I believe now (more so than I did 10 years back) that having a bio as your first intervention can be a good thing. Its good because it transitions you from being able to recite data to actually possessing experiential learned knowledge. You
grok it if I may use that word.
During recovery you become aware of what all those words people said mean when over (say) 10 to 15 years you go through recovery, to yearly examinations, to eventually turning the corner when Structural Valve Degradation (SVD) becomes an actual in your personal face reality. I recommend you read this about SVD.
https://www.ncbi.nlm.nih.gov/pmc/articles/PMC4209403/
You'll experience it and I believe that if you don't experience it you may well always wonder if that was what really happened. When people close to me have died suddenly and unexpectedly there was always some nagging part of my personal unconscious half expecting to see them ... this went on for years. This never happened to me with those who I saw getting sick, went to sit beside them during Chemo, went through remissions with them and then eventually there was no remission and I went to see them in their last days at the hospital and finally went to their funerals.
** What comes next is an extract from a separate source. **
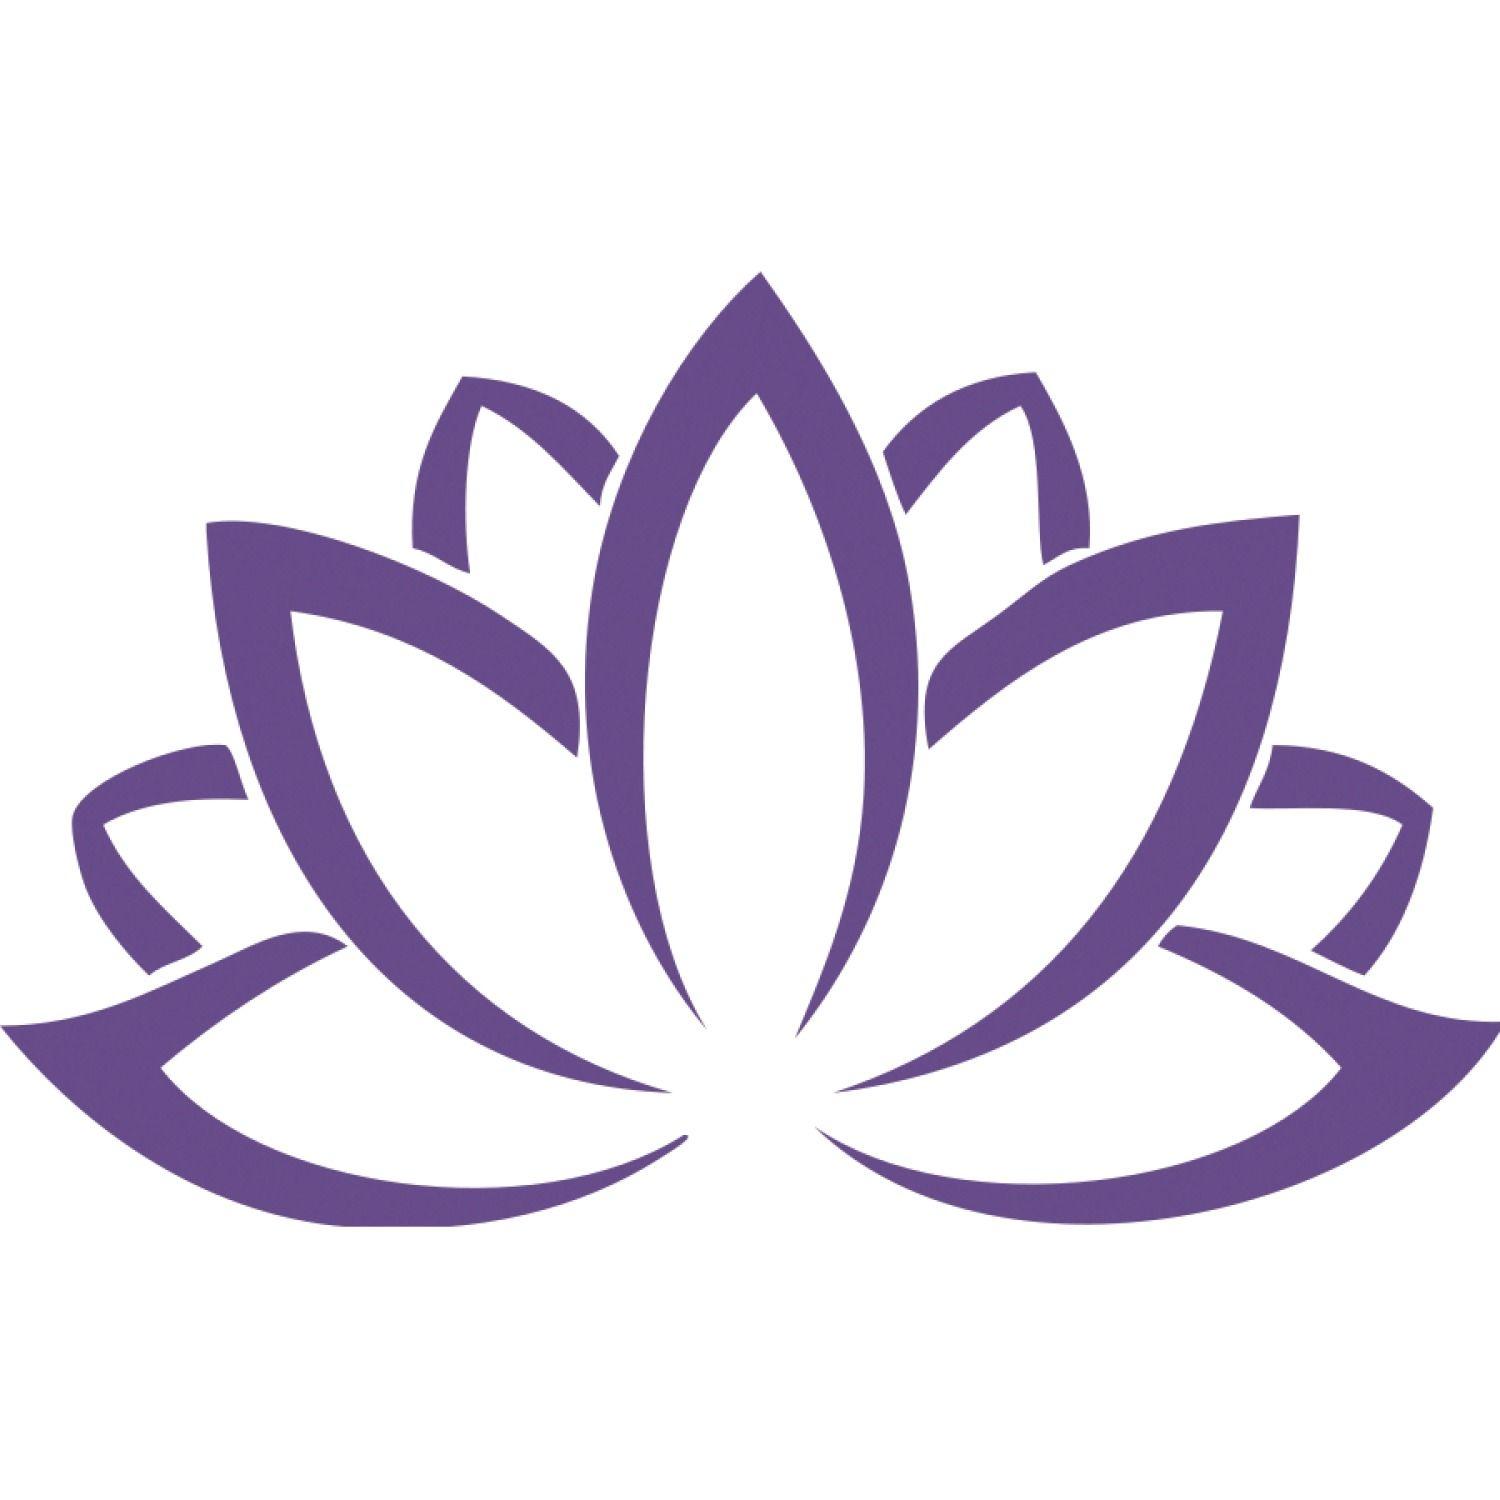 Lotus Flower Graphic Logo - Lotus Flower Graphic Decal Sized Personalized

So based on what you've said, unless you decided otherwise I would suggest that you get a bioprosthesis and consider it not just "kicking the can down the road" but part of your personal life journey.
Remember, my journey started when I was about 6, with all the hospital visits (which increased in frequency) and then an OHS at 10, a (then called) catheter examination (as the technology was introduced) of how the repair was going, then at 28 got somebody elses valve, then at 48 (with the development of an Aortic Aneurysm) chose a mechanical valve with my bental.
I've since learned a lot about all of that and what it entailed and what I was lucky to avoid. I did however have a bit of a bumpy first year after an infection from the OHS #3 emerged.